The nice thing about PlanetScale is you get nearly unlimited connections (soft limit of like 250K IIRC) so making 1 connection per active lambda isn't a problem at all.
I've been using PlanetScale since shortly after they went GA and I've been very happy so far. Cheaper than Aurora Serverless, less hassle, and the branching feature is super cool. Zero-downtime deploys, with rollback support, feel magical.
They say in the post to use environment variables when deploying. I think they’re talking about server-side JS, not JS running in an end-user’s browser.
This is great! Potentially the missing piece in the world of "serverless": a serverless SQL database accessible over HTTP with no minimum price. I saw AWS Aurora has a Data API but currently that does have a minimum monthly cost. Fauna is possibly the closest, but that appears to involve translating SQL to its FQL. How stable is the beta?

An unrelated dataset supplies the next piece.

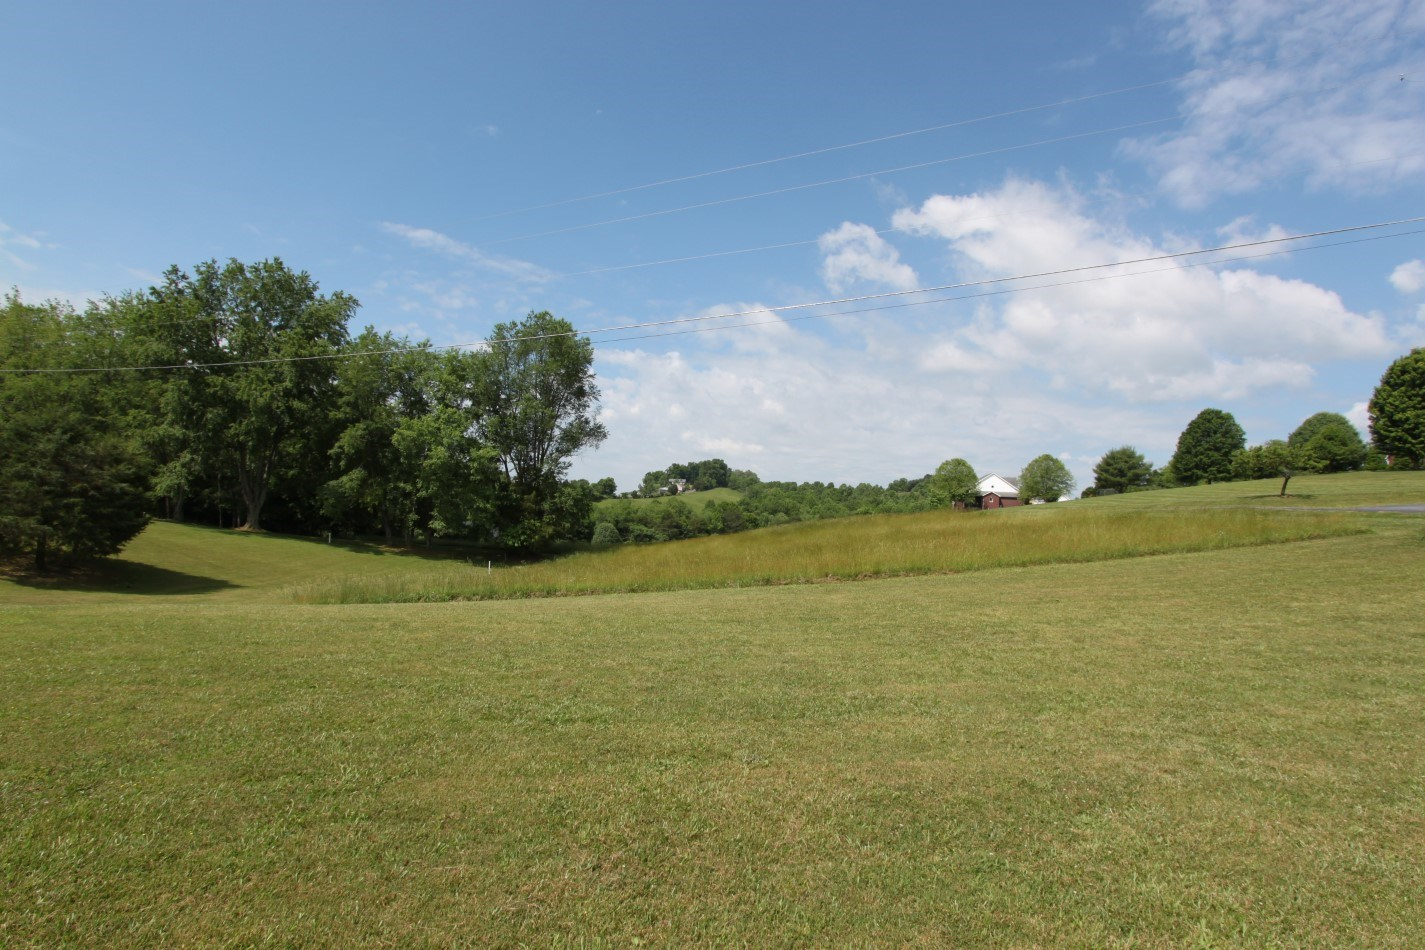 Home Site Near South Holston Lake For Sale In Abingdon VA

It's 90% there... but not allowing foreign keys [1] (=cascading delete) means that this solution becomes equal with DynamoDB (Serverless + Scale to 0 as well) because products will either be built for it from day one or never support it with a full fledged DB server instance that is 100% up in mind. Unfortunately, didn't find a lot in-between.
I mean I'm using PlanetScale with Prisma ORM on AWS Lambda right now without issue. Unlike many DB providers, PlanetScale supports nearly unlimited connections. I think I saw in their docs they have a soft-limit of something like 250K connections.
I used Aurora Data API before moving off Aurora Serverless (insane pricing) to Prisma and PlanetScale, I don't think I'd go back to the HTTP API as Prisma works very well and I enjoy using it. One downside to Prisma is the DB "engine" is a arch-specific (obviously) binary that is pretty hefty. I want to say ~50MB. That can be a killer in serverless but I was able to work around it without much issue. If I ever wanted to dive into the world of Lambda layers I could probably move it into it's own later (however that still counts towards your max lambda size).
Our beta for this is pretty stable. The only real instabilities are around the underlying APIs we use, which is part of why we're not ready to document it just yet.
But the underlying tech is exactly the same as we use for handling traditional MySQL connections, so there isn't anything to fear.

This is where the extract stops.